Who this path serves

Teams where answers must be grounded in internal documents, policies, or knowledge bases that change frequently. The hardest bugs are often retrieval and freshness—not raw fluency.

Step 1 — RAG in depth

Begin with RAG experiment hub and RAG in production. Use retrieval theme as a checklist for chunking and routing.

Step 2 — Evaluation with retrieval in mind

Proceed to evaluation hub and Beyond accuracy, focusing on suites that include empty results, stale citations, and ambiguous queries.

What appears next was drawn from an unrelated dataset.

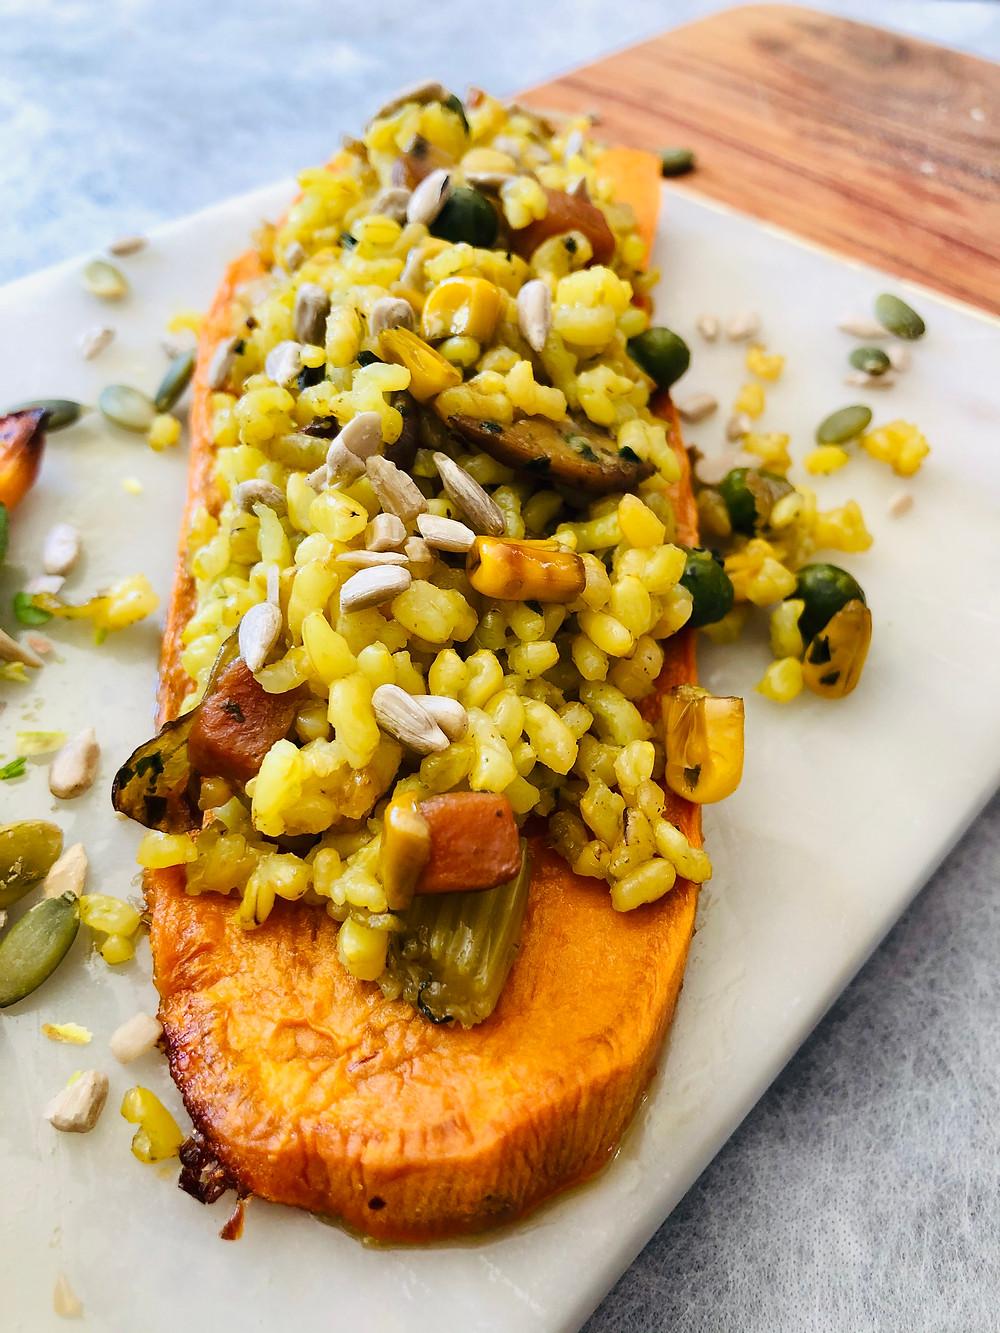 Yellow rice with veggies on sweet potatoes
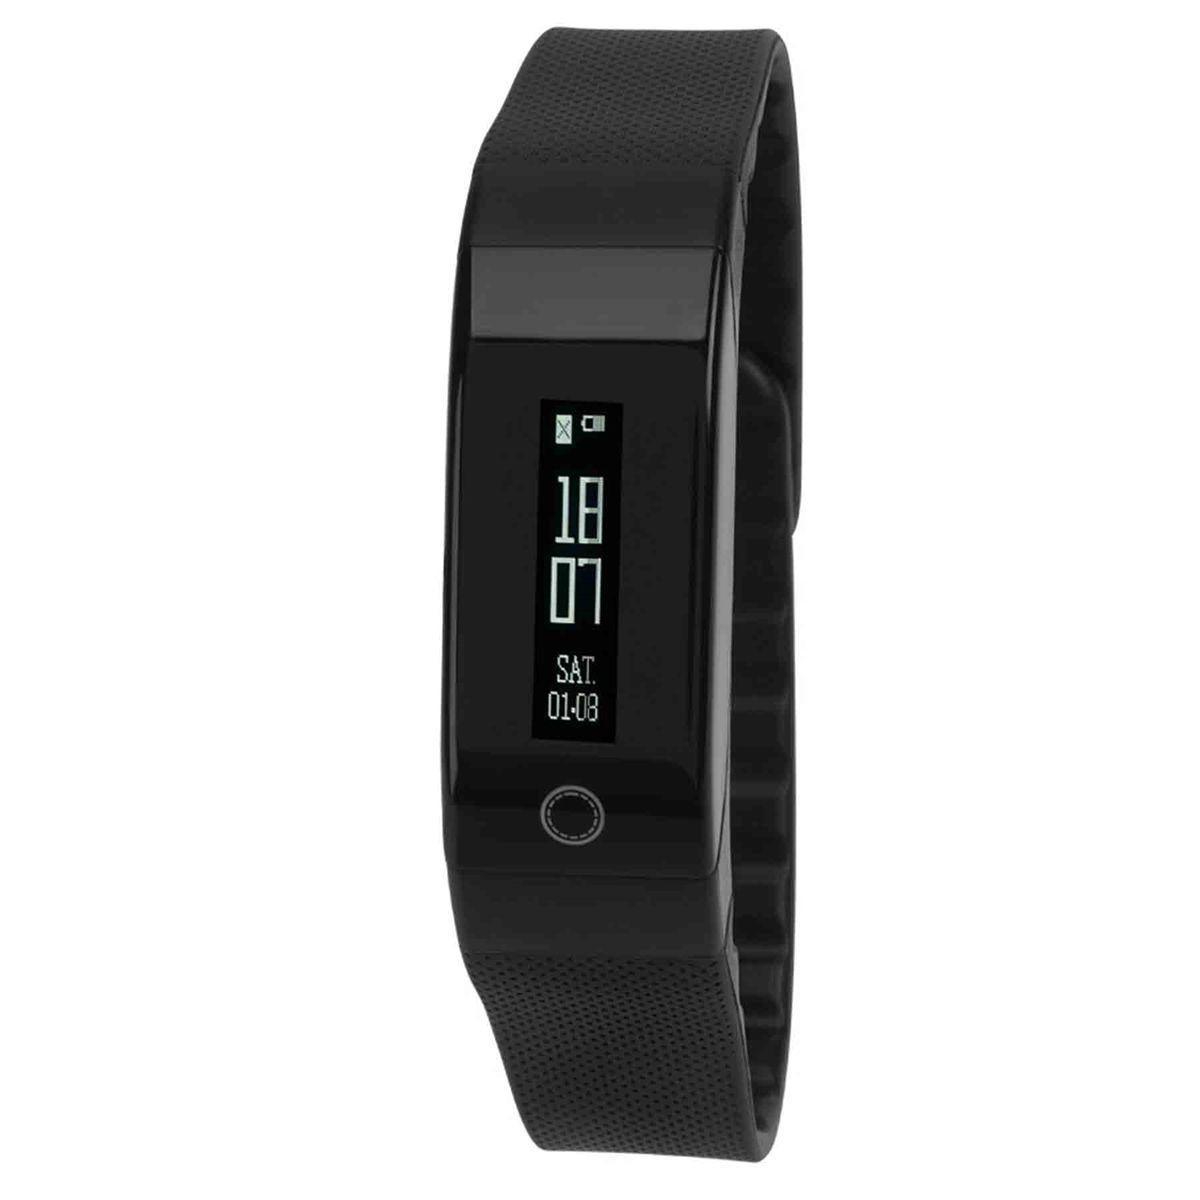 84fea0ec23e36 Relógio Mormaii Unissex FitPulse MOSW007 8P - Relógios de Fábrica

Cross-reference safety for policy-bound corpora.

Step 3 — Prompt interfaces for citations

Finish with prompt experiment / interface essay so citation rules are encoded where the model cannot bypass them casually.

Related

Operations for pipelines; Path C when you need a rollout checklist across all layers.

Why retrieval before generic eval depth

If your users live in documents, fixing chunking and freshness removes whole classes of bugs that no amount of prompt tuning will address. Evaluation suites that ignore empty retrieval or stale citations will green-light broken experiences—so this path front-loads RAG reality.

Adjacent paths

Path A builds prompt and eval foundations without assuming doc-heavy traffic. Reading paths overview lists every sequence.

Corpus ownership

Clarify who approves document updates, how legal holds or takedowns affect embeddings, and how deletions propagate to the index. Many RAG failures trace to process gaps—an updated PDF that never reached the pipeline—rather than vector dimension or model choice.